The data START

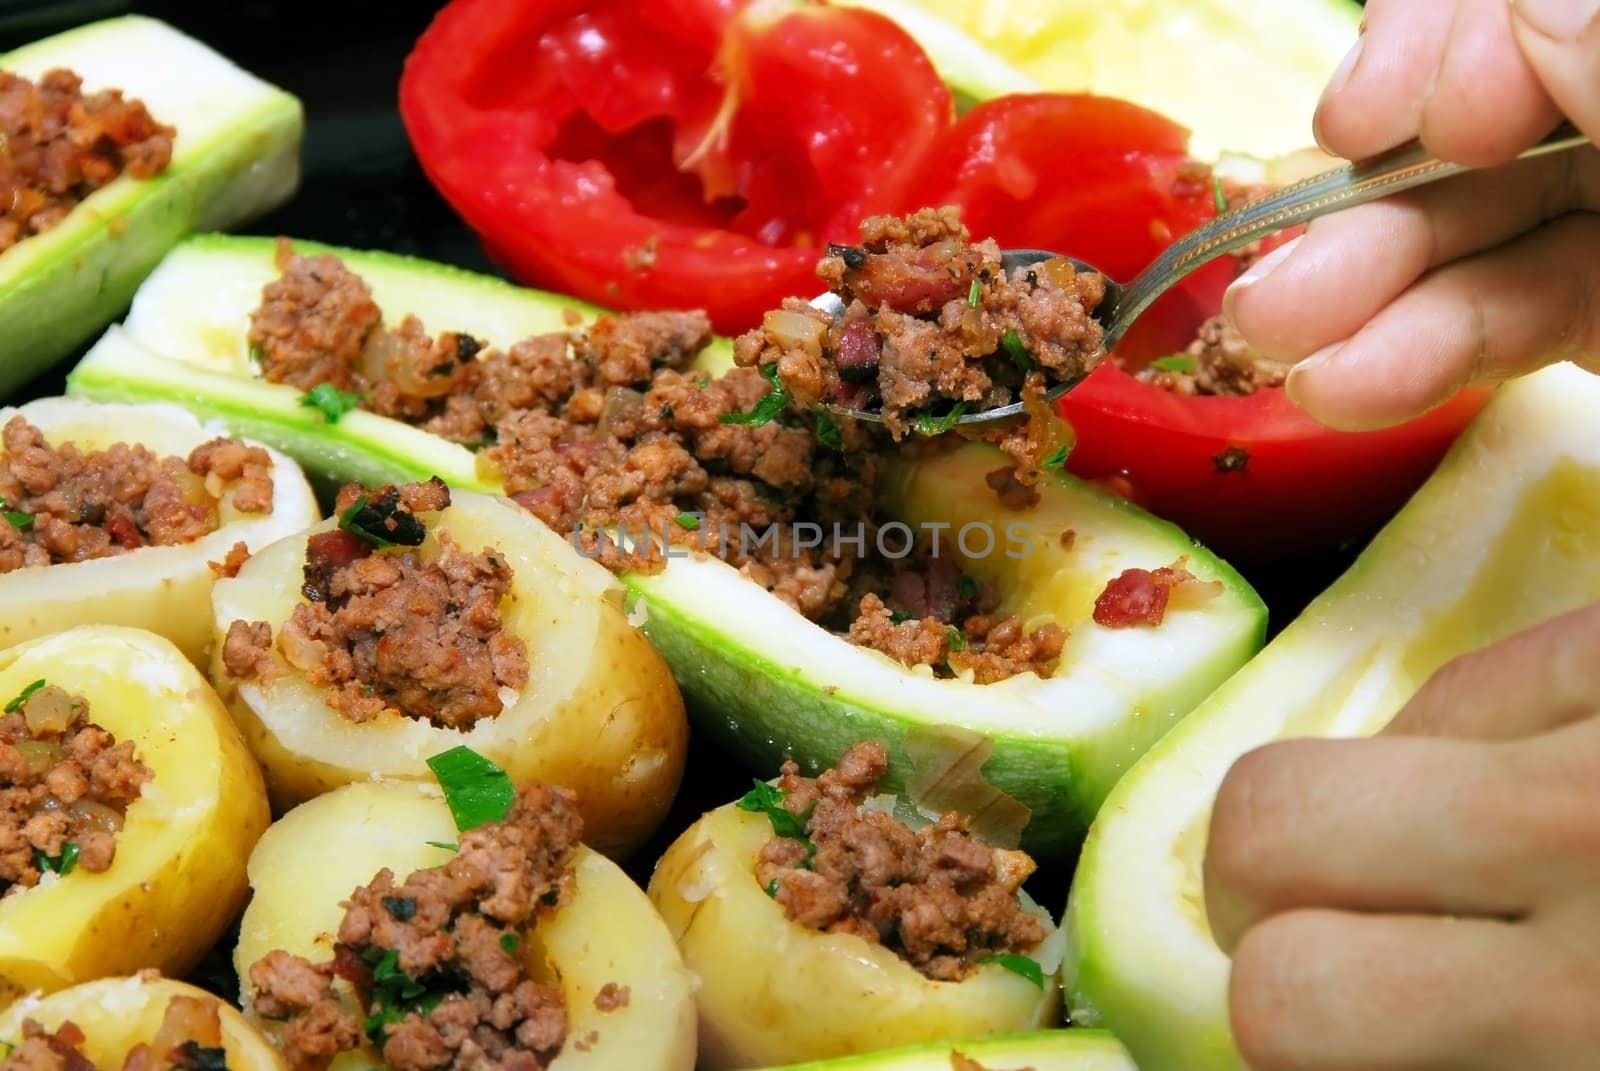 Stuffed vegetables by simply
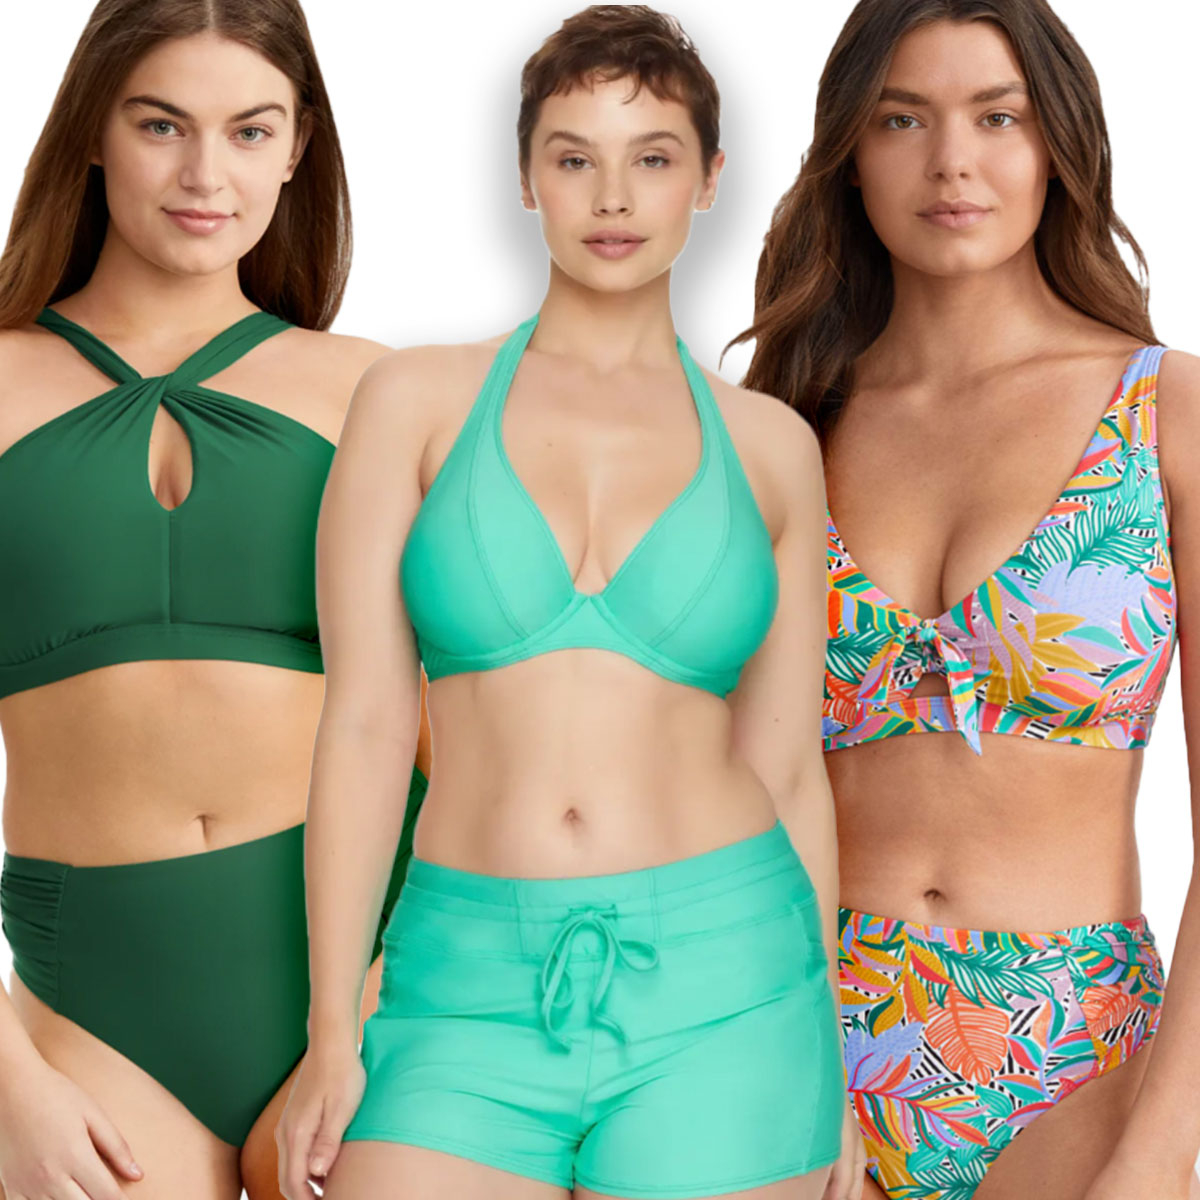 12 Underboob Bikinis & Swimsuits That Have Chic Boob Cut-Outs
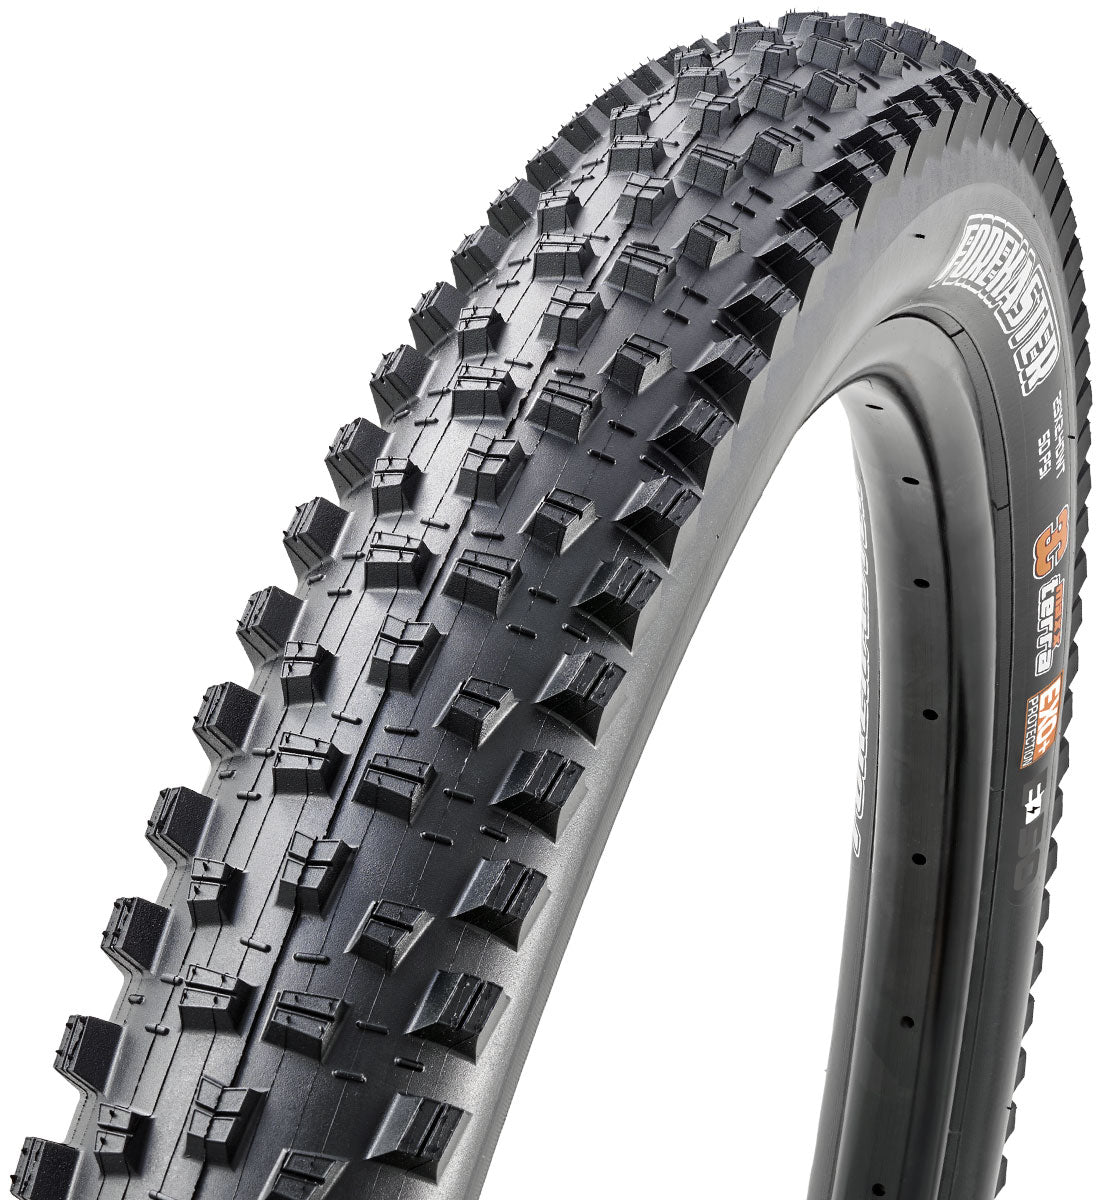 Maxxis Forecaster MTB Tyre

The data END

Activity: Copy out each line of the data exactly as it reads; skip the pictures.

Solution:
 Stuffed vegetables by simply
 12 Underboob Bikinis & Swimsuits That Have Chic Boob Cut-Outs
 Maxxis Forecaster MTB Tyre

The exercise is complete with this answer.